Department of Respiratory Medicine, Sapporo Minami-Sanjo Hospital, Sapporo, Japan;
Department of Pathology, Sapporo Medical University School of Medicine, Sapporo, Japan.
Anticancer Res. 2023 Sep;43(9):4155-4160. doi: 10.21873/anticanres.16606.

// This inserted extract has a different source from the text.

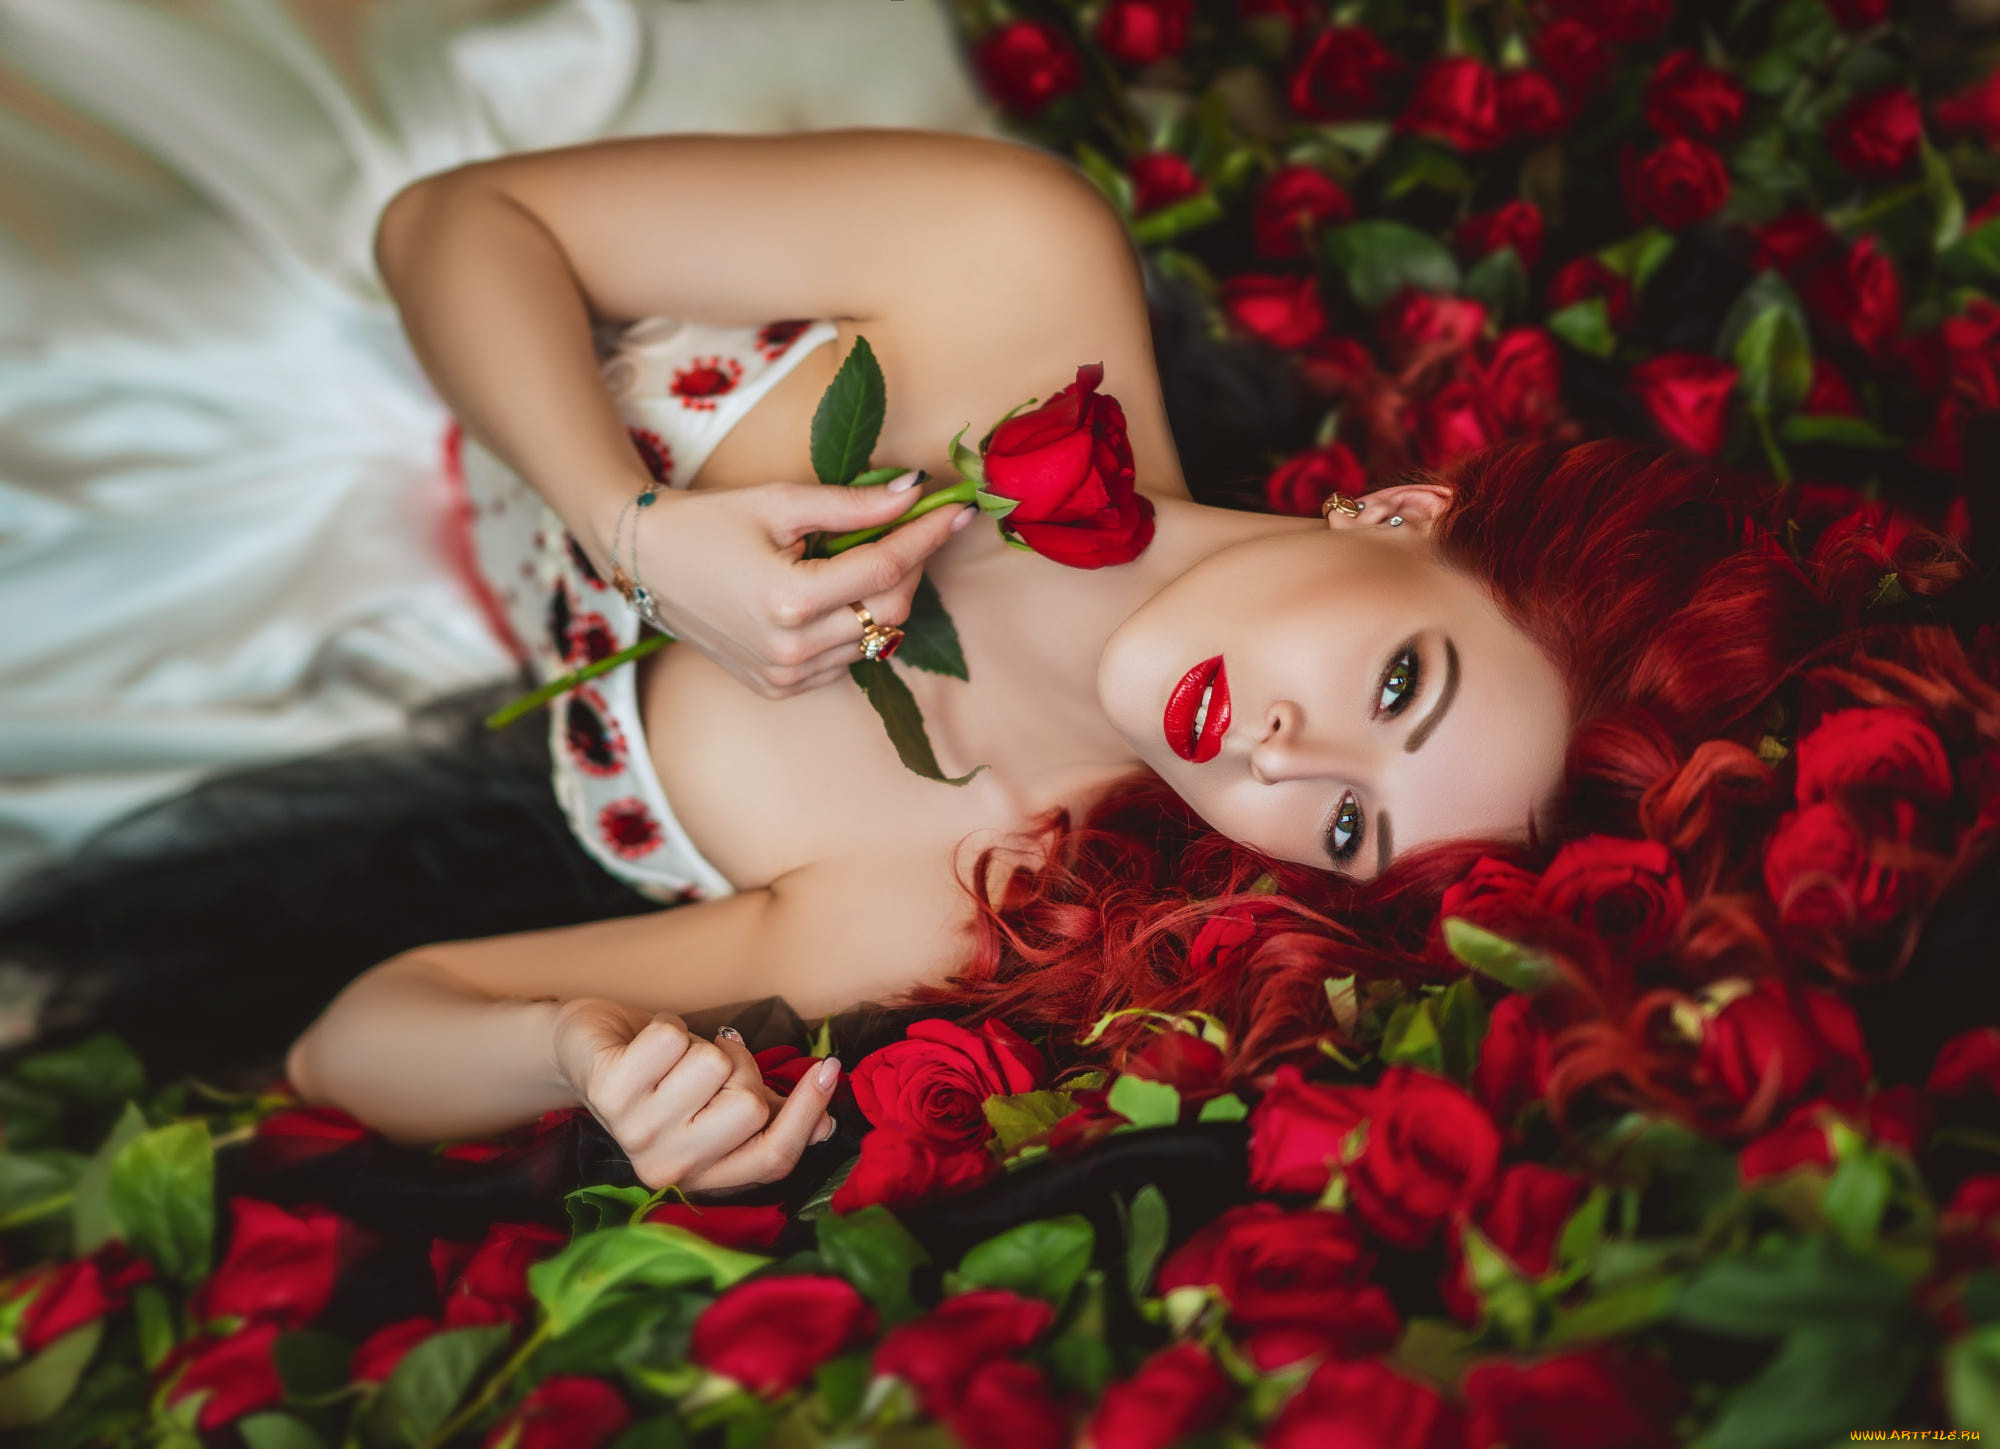 Бестия видео. Рыжая девушка с красными розами. Рыжеволосая девушка в ванной с красным маникюром.

BACKGROUND/AIM: Immunotherapy using immune checkpoint inhibitors (ICIs) has revolutionized the treatment of advanced non-small cell lung cancer (NSCLC). Although several ICI options are available, the treatment regimen for NSCLC with large size tumors (large NSCLC) is controversial and the efficacy of anti-CTLA-4 antibody is unclear. This study thus investigated potential biomarkers for CTLA-4 blockade. PATIENTS AND METHODS: The correlation between tumor diameter and treatment duration was examined in patients with advanced NSCLC treated with anti-PD-1 antibody monotherapy in our institution. In addition, the ratio of tumor-infiltrating CD8 T cells and regulatory T (Treg) cells in small and large size NSCLC was also evaluated using immunohistochemical staining. Finally, the efficacy of treatment with anti-CTLA-4 antibody against large NSCLC was investigated. RESULTS: A negative correlation was found between tumor diameter and treatment duration in patients treated with anti-PD-1 antibody monotherapy. Immuno-histochemical staining revealed that Treg cell infiltration was significantly higher in large NSCLC tumors than in small tumors. Among the patients with large NSCLC, the ICI regimen including anti-CTLA-4 antibody showed significant efficacies. CONCLUSION: Anti-PD-1 antibody monotherapy might be less effective against large NSCLC due to the infiltration of Treg cells. Therefore, it might be appropriate for large NSCLC to select a treatment including an anti-CTLA-4 antibody, which can target Treg cells.
背景/目的:免疫检查点抑制剂(ICI)的免疫疗法彻底改变了晚期非小细胞肺癌(NSCLC)的治疗方法。尽管有几种 ICI 选择,但对于大肿瘤(大 NSCLC)的 NSCLC 的治疗方案仍存在争议,抗 CTLA-4 抗体的疗效尚不清楚。因此,本研究旨在寻找 CTLA-4 阻断的潜在生物标志物。 患者和方法:本研究在我院接受抗 PD-1 抗体单药治疗的晚期 NSCLC 患者中,检查了肿瘤直径与治疗持续时间之间的相关性。此外,还通过免疫组织化学染色评估了小和大 NSCLS 中肿瘤浸润性 CD8 T 细胞和调节性 T(Treg)细胞的比例。最后,还研究了抗 CTLA-4 抗体治疗大 NSCLC 的疗效。 结果:抗 PD-1 抗体单药治疗的患者中,肿瘤直径与治疗持续时间呈负相关。免疫组织化学染色显示,大 NSCLC 肿瘤中 Treg 细胞浸润明显高于小肿瘤。在大 NSCLC 患者中,包括抗 CTLA-4 抗体在内的 ICI 方案显示出显著的疗效。 结论:由于 Treg 细胞的浸润,抗 PD-1 抗体单药治疗可能对大 NSCLC 的疗效较差。因此,对于大 NSCLC,选择包括抗 CTLA-4 抗体在内的治疗方案可能是合适的,因为它可以靶向 Treg 细胞。